Per Se restoranın tadım mönüsü, sezonda ve pazarda o hafta ve o gün ne bulunduğuna bağlı olarak günlük değişiyor. ‘A la carte’ mönüsü de çok etkileyici. Gitmeyi düşünürseniz tam iki ay öncesinden aramanız öneriliyor

(Tel: 001-212.823.9335; www.frenchlaundry.com).
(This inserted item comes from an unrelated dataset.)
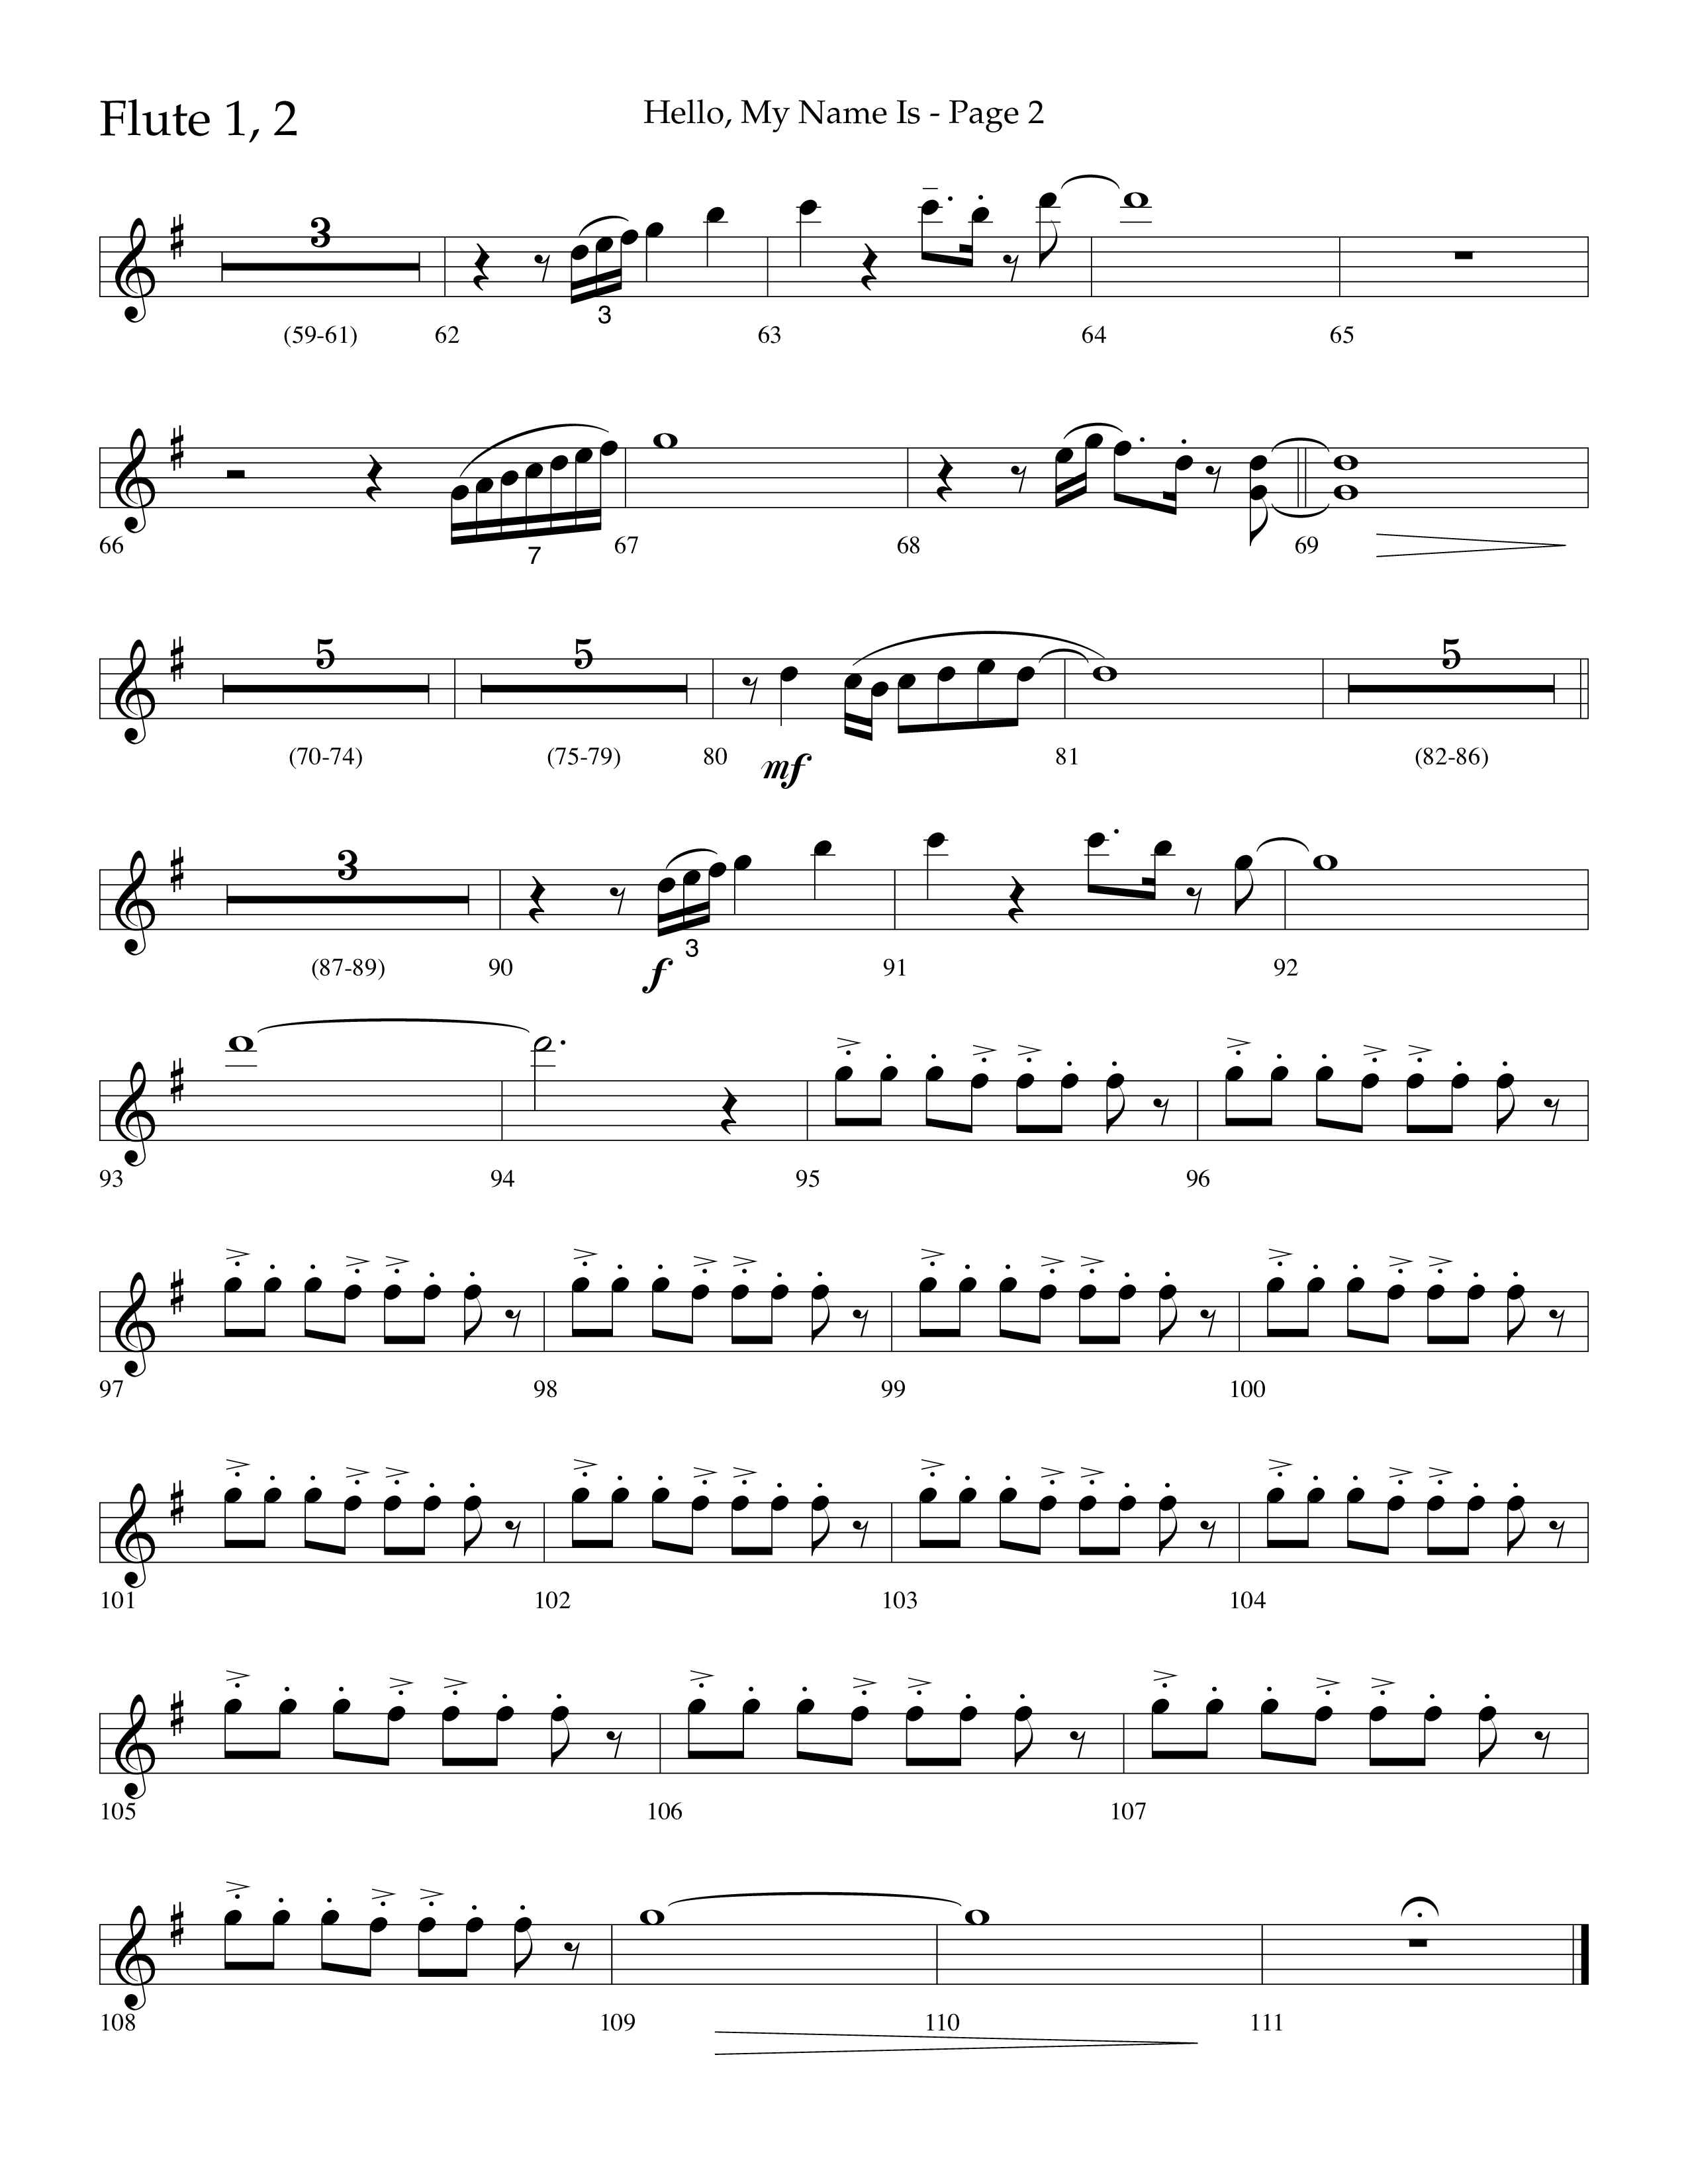 Hello My Name Is (Choral Anthem SATB) Flute 1/2 (Lifeway Choral / Arr. Jim Hammerly)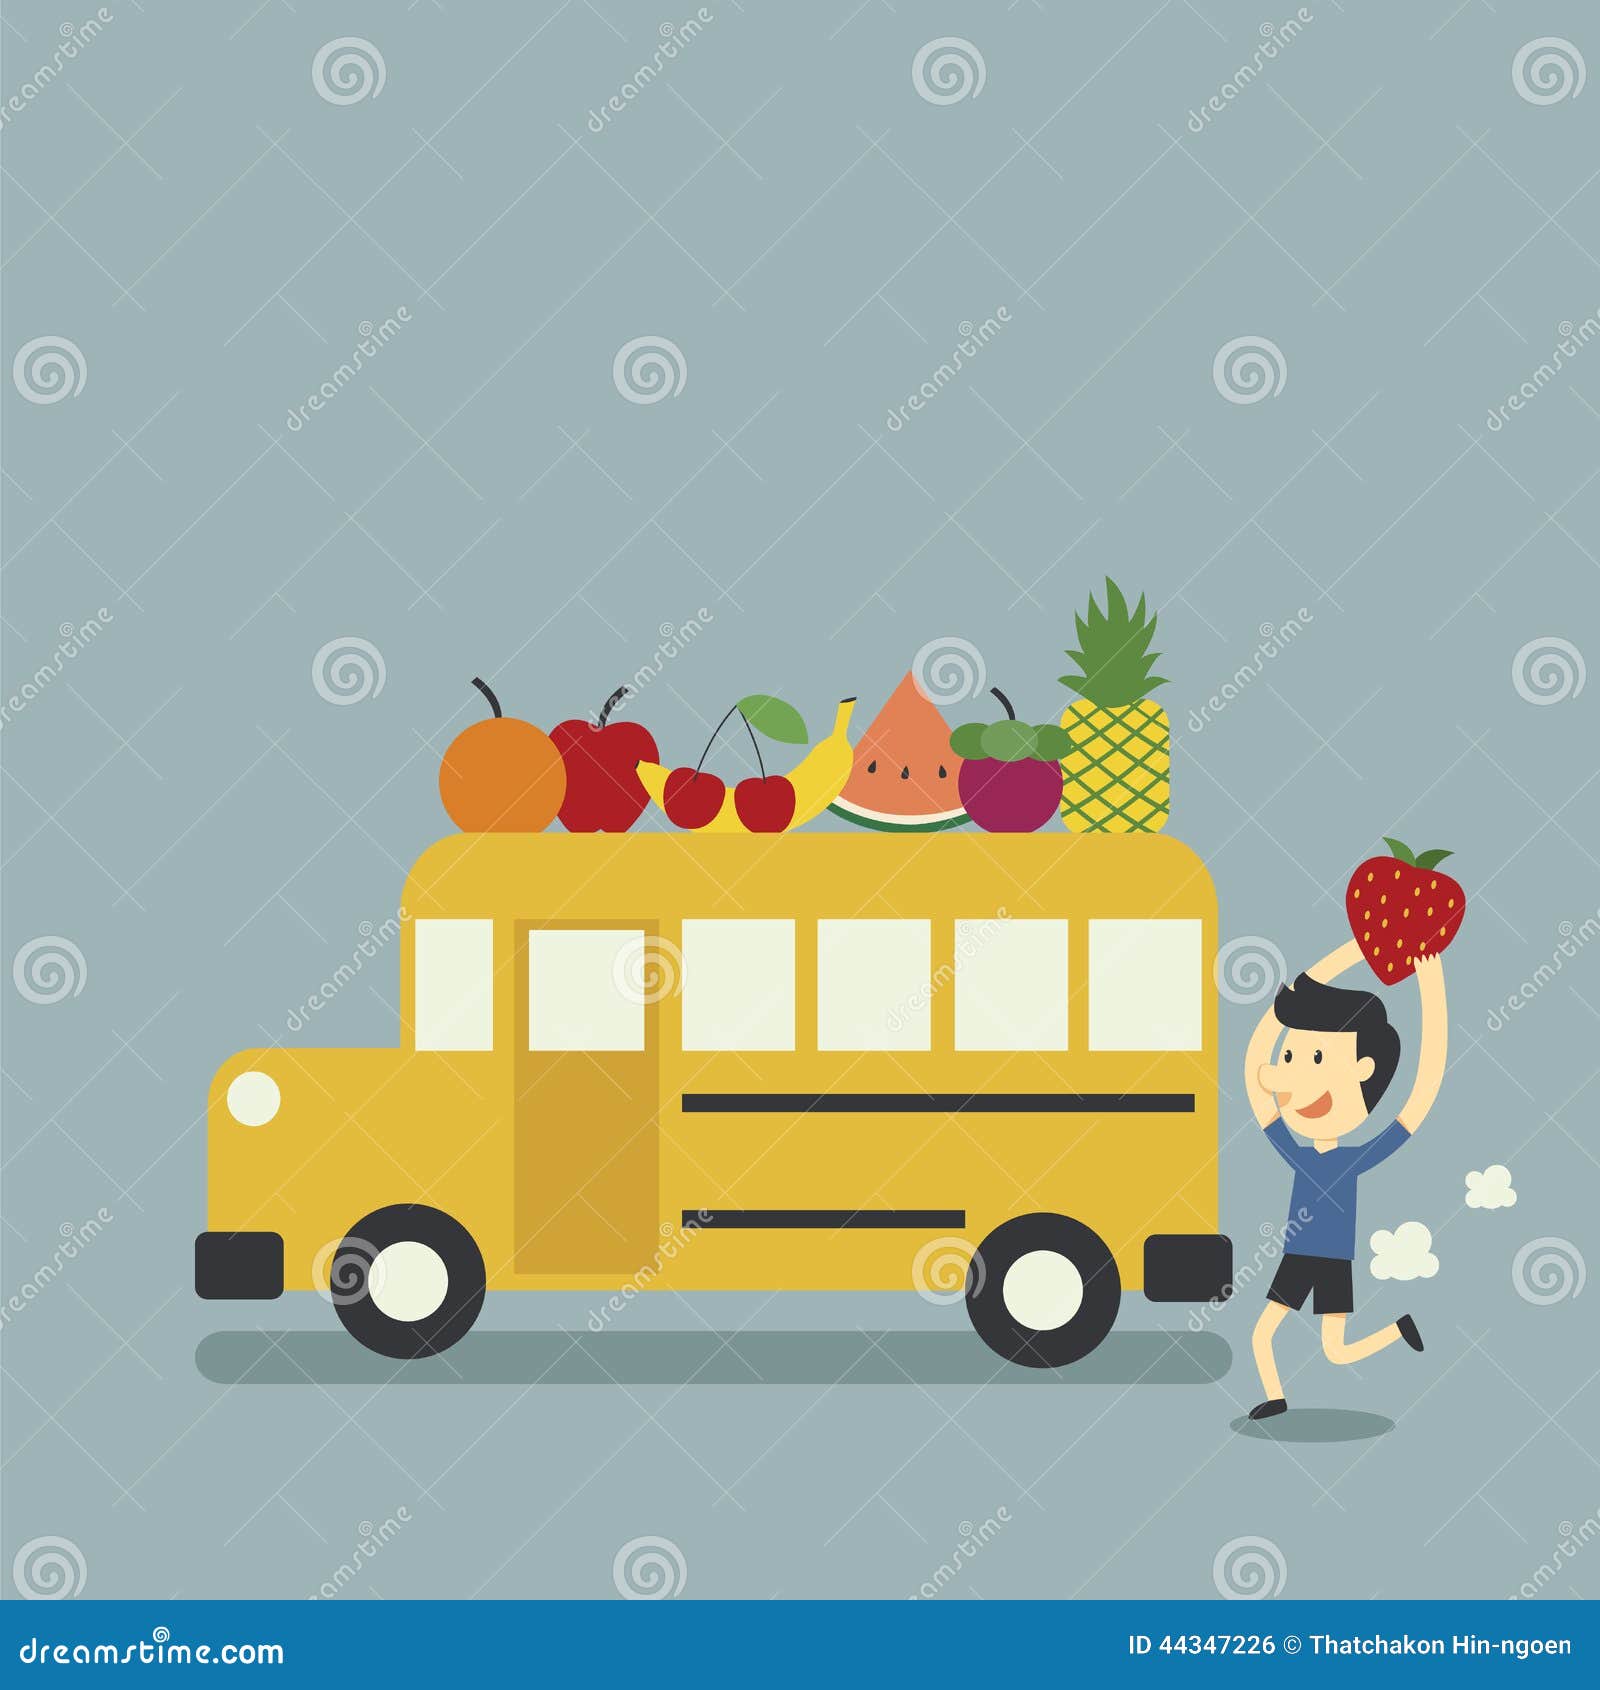 school bus and fruit

Meraklı okurlarımın Keller’in yaratıcı kombinasyonlarını daha iyi hayal etmelerini sağlamak için mönünün ayrıntılarını aşağıda veriyorum.

1. Karnıbahar ‘panna kotta’: Rus Sevruga havyarı ile.

2. Fua-gra (kaz ciğeri) sote: Porto şarabında pişirilmiş taze incir sosu, kızartılmış brioş ekmeği ve muz dilimleri ile.

3. Izgara Atlantik ton balığı: Üzerinde poşe bıldırcın yumurtası, rokalı sarmısaklı mayonez ile.

4. Vakumda pişmiş Nova Scotia ıstakozu: Çıtır pançetta, trüf emülsiyonu soslu börülce üzerinde.

5. Fırında yavaş pişirilmiş tavşan sırtı: Kestane şekerlemesi ve yaban mersinli tava sosu ile.

6. Doğal beslenmiş süt danası: Üzerinde siyah kestane mantarı mus’u, ev yapımı taze niyoki ve avcı sosu ile.

7. Yeşil fasulye ve sarı barbunya fasulyesi salatası: Yıllanmış şeri sirkesi ve biberli tuile ve peynir ile.

8. Pekmezli şeker sorbe dondurması: Kabaklı kek, kabak püresi ve yeşil fıstık sosuyla.

9. ‘Çikolata Tabağı’: Sütlü çikolata ‘crémeux’, çikolata Sacher, tuzlu karamel jölesi, yanında fıstık nugatin ve nugalı dondurma.